Atmel has introduced its high-voltage technology AVR microcontroller that implements full 2-4 cell Lithium Ion smart battery monitoring and protection on a single chip.
Lithium Ion (Li-ion) is the battery chemistry of choice for high-end portable applications such as laptop PCs, cellphones and digital cameras, due to its high energy per weight and volume ratio, combined with a high load current. A Li-ion-based battery control system must control the chemical reaction and protect the system from harmful environmental conditions. Furthermore, the end-user expects the battery control system to deliver a reliable and accurate estimate of charge left. Atmel claims its ATmega406 single-chip smart battery device is the only product with everything needed to meet these challenges with highest accuracy and reliability at the lowest system cost.

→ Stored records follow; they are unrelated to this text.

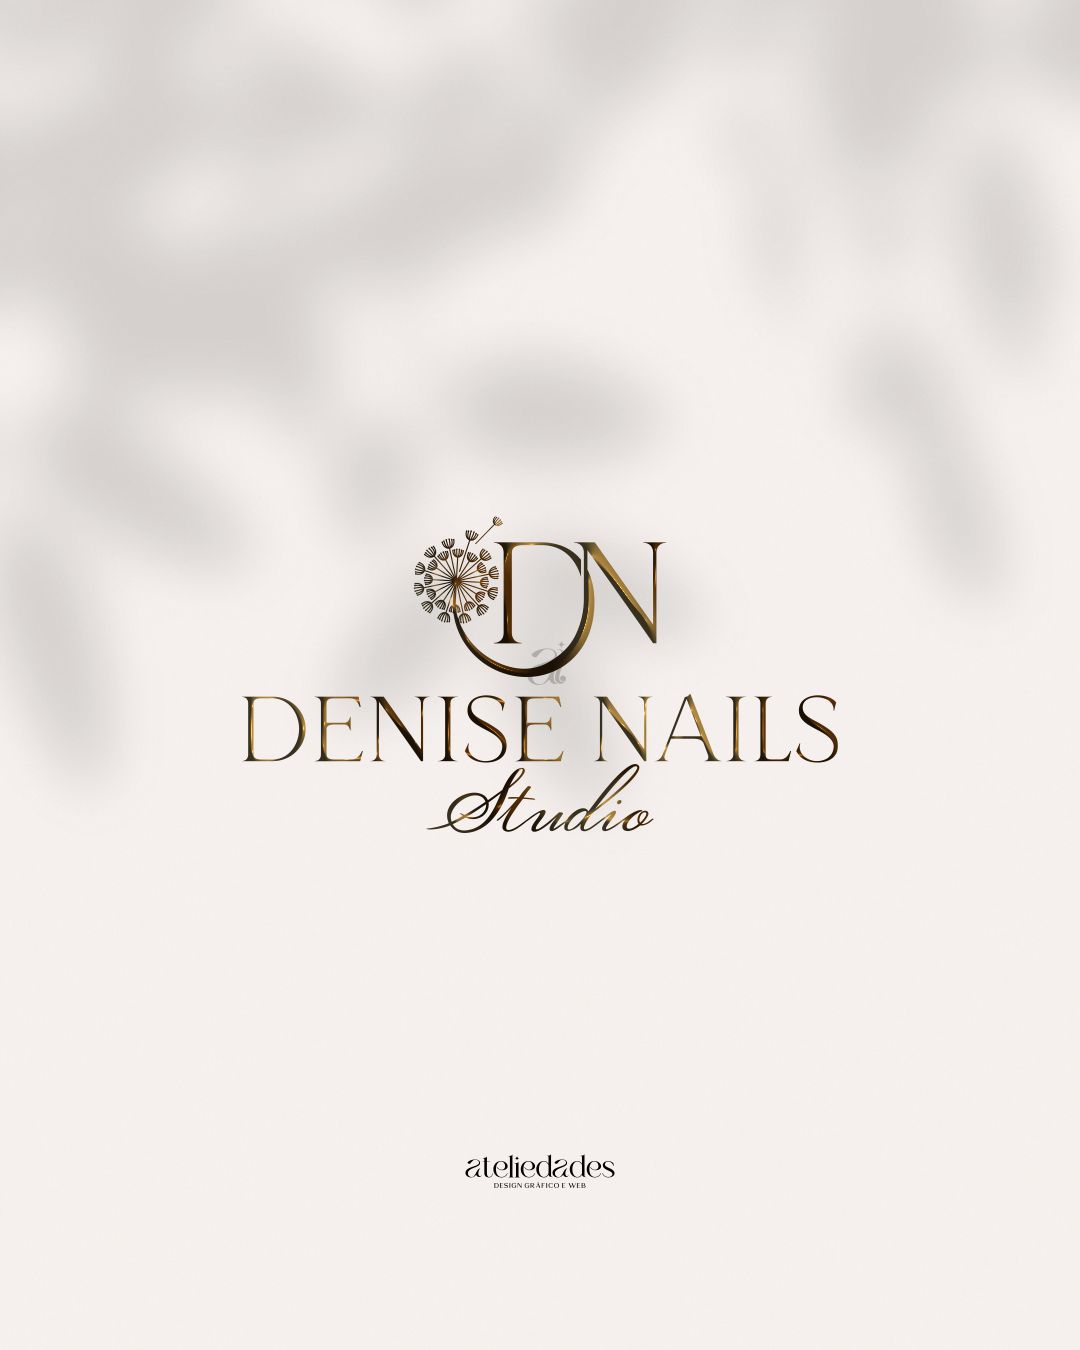 criação de logotipo nail designer denise nails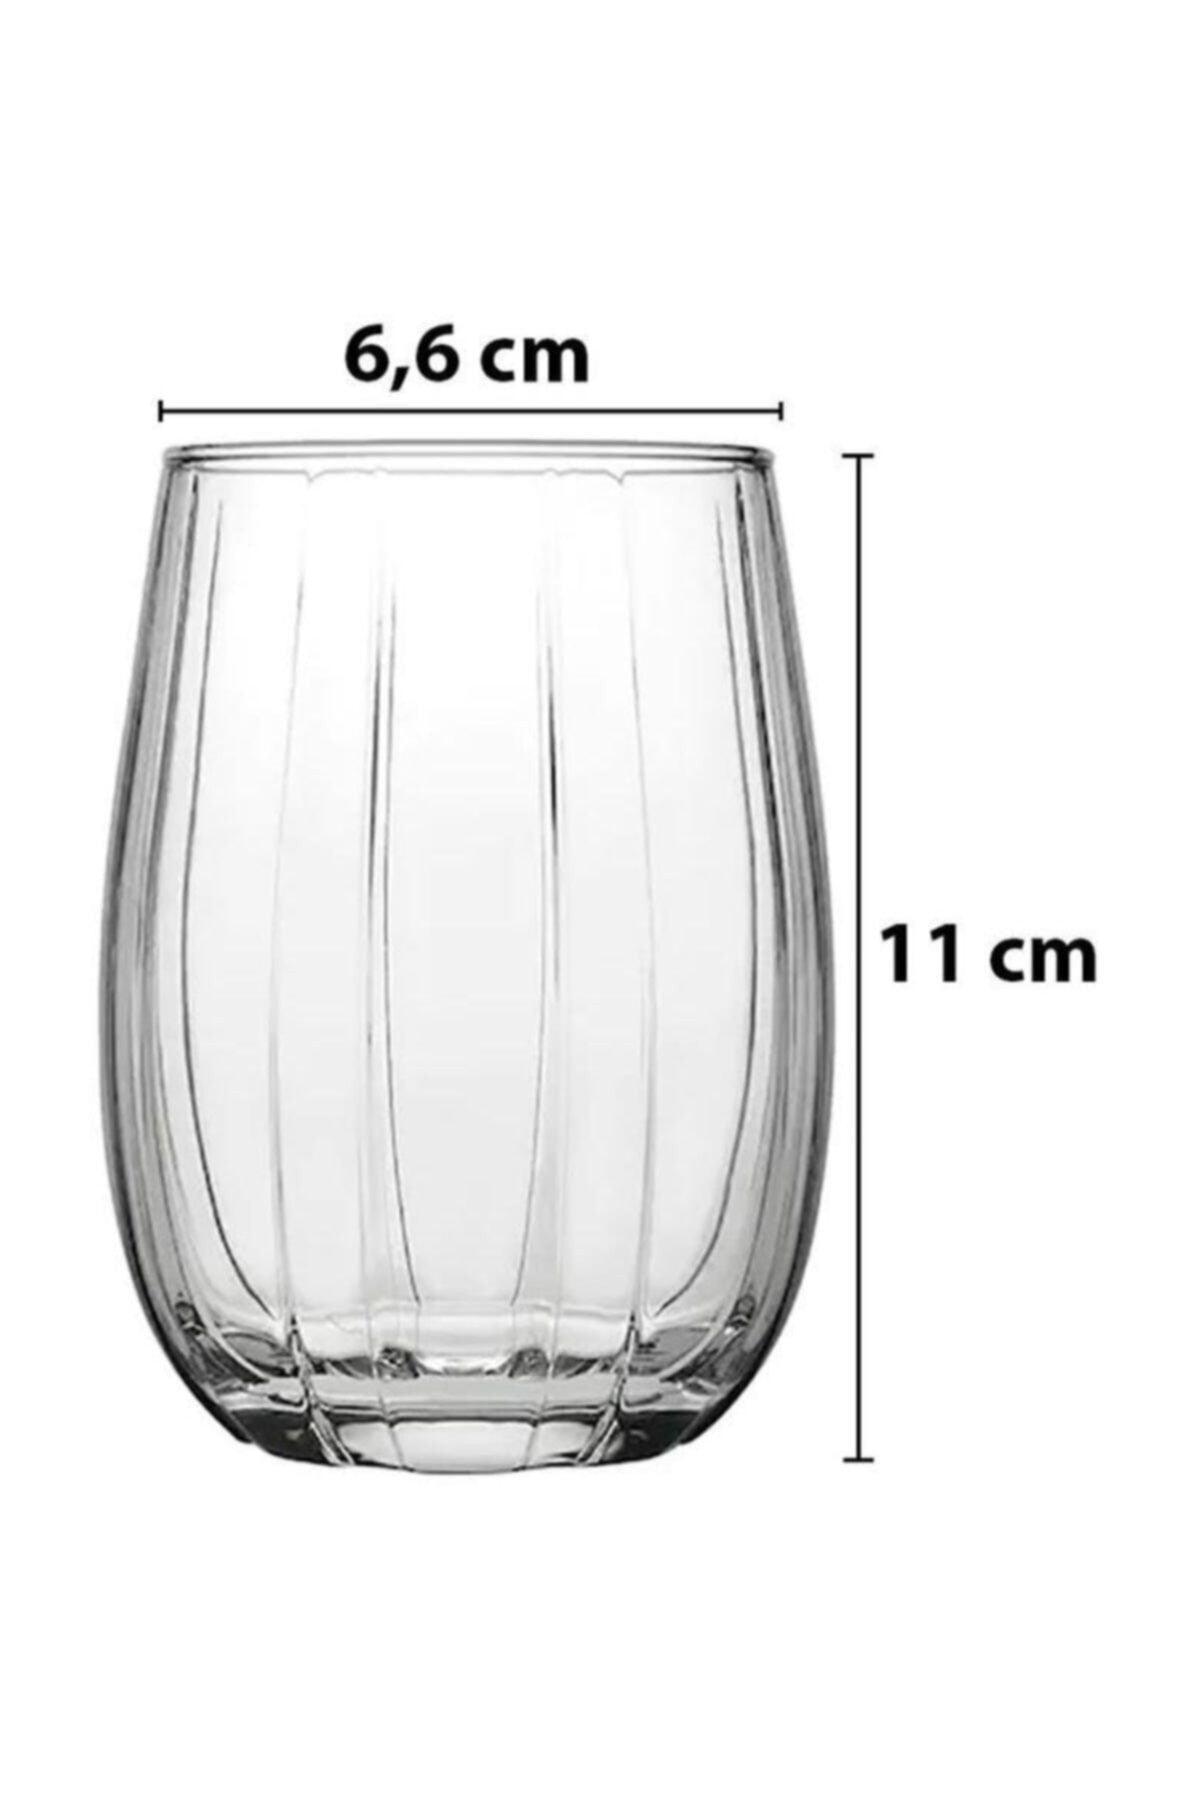 Elysee Water Glass 190 ml Standard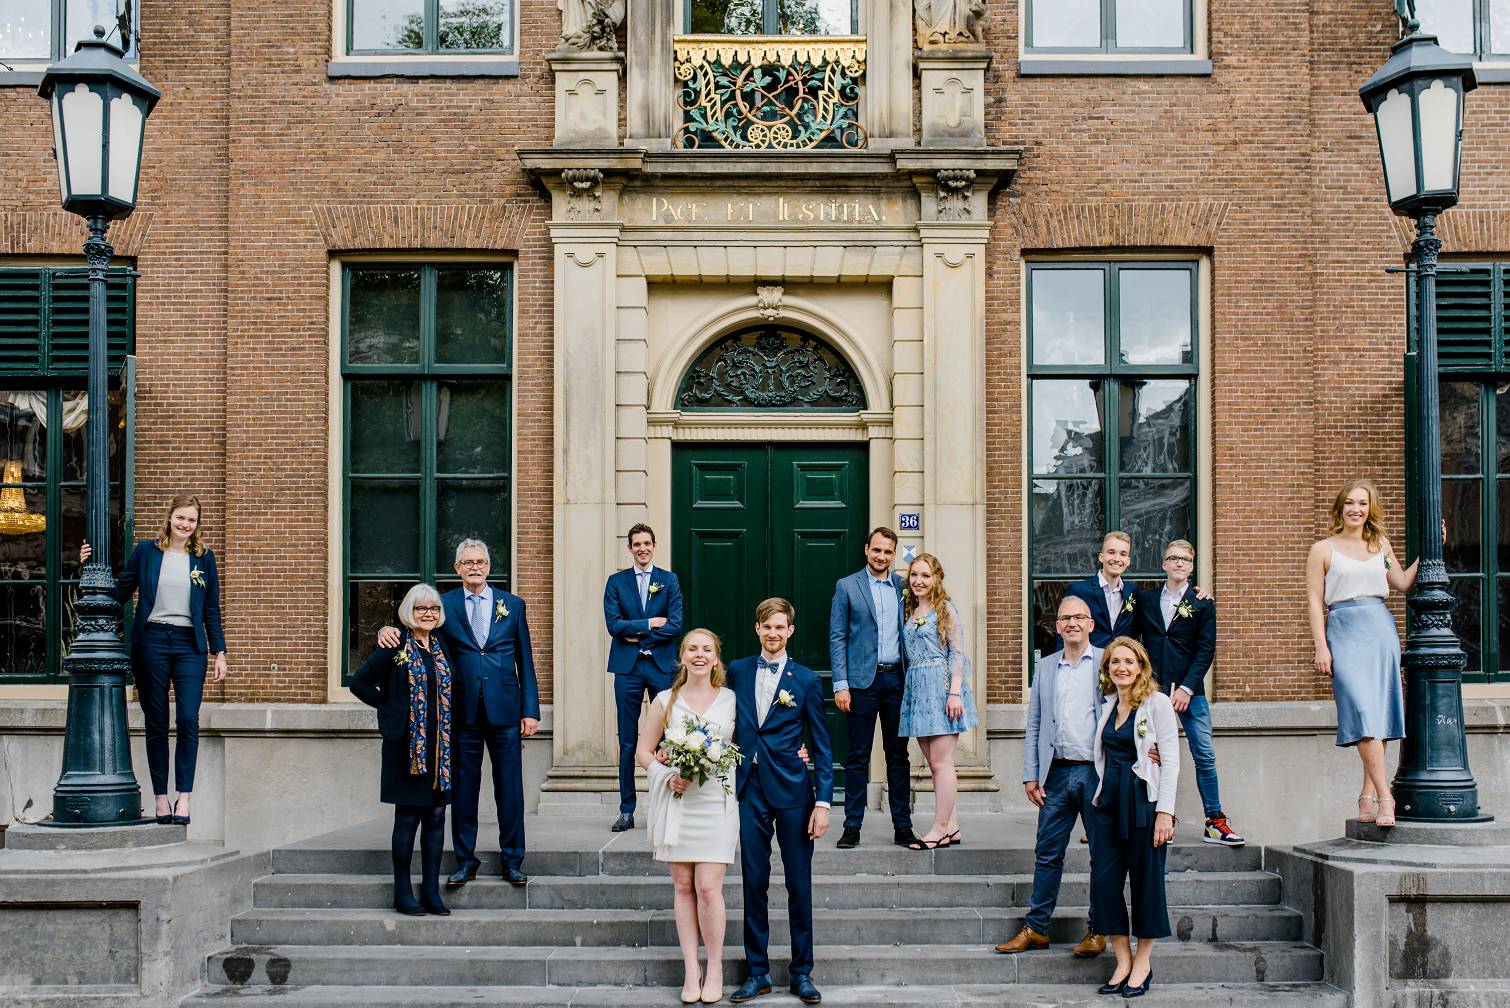 Corona groepsfoto - Corona bruiloft - Trouwen in 2020 - Trouwfotograaf Leeuwarden

The device includes an on-chip voltage regulator allowing the device to be powered from 4-25 V. It also features three 25 V-tolerant FET drivers for charge, discharge, and pre-charge, as well as on-chip FETs for cell balancing. To provide the most accurate estimate of charge left, the device has a Coulomb Counter ADC with an 18-bit output for battery current monitoring as well as a 12-bit ADC for individual cell voltage and temperature monitoring. Both ADCs use high-accuracy on-chip voltage reference. Battery protection is autonomous, providing the end-user with the best safety, as MCU-related issues such as a code runaway or a software bug do not affect it.
Battery protection is implemented as independent circuitry, not requiring the MCU to operate. If the device is exposed to an over-current or short-circuit condition, the autonomous battery protection will shut off the affected FET. Likewise, if any cell voltage drops to a potentially damaging voltage level, ATmega406 will automatically prevent further battery discharge by shutting down the discharge FET and going to a power-off mode.
The current resolution of the Coulomb Counter over the recommended 5 mΩ sense resistor is 0,67 mA, allowing measurements of more than ±30 A. Both ADCs benefit from a very accurate internal voltage reference, with less than ±0,1% error over temperature after calibration.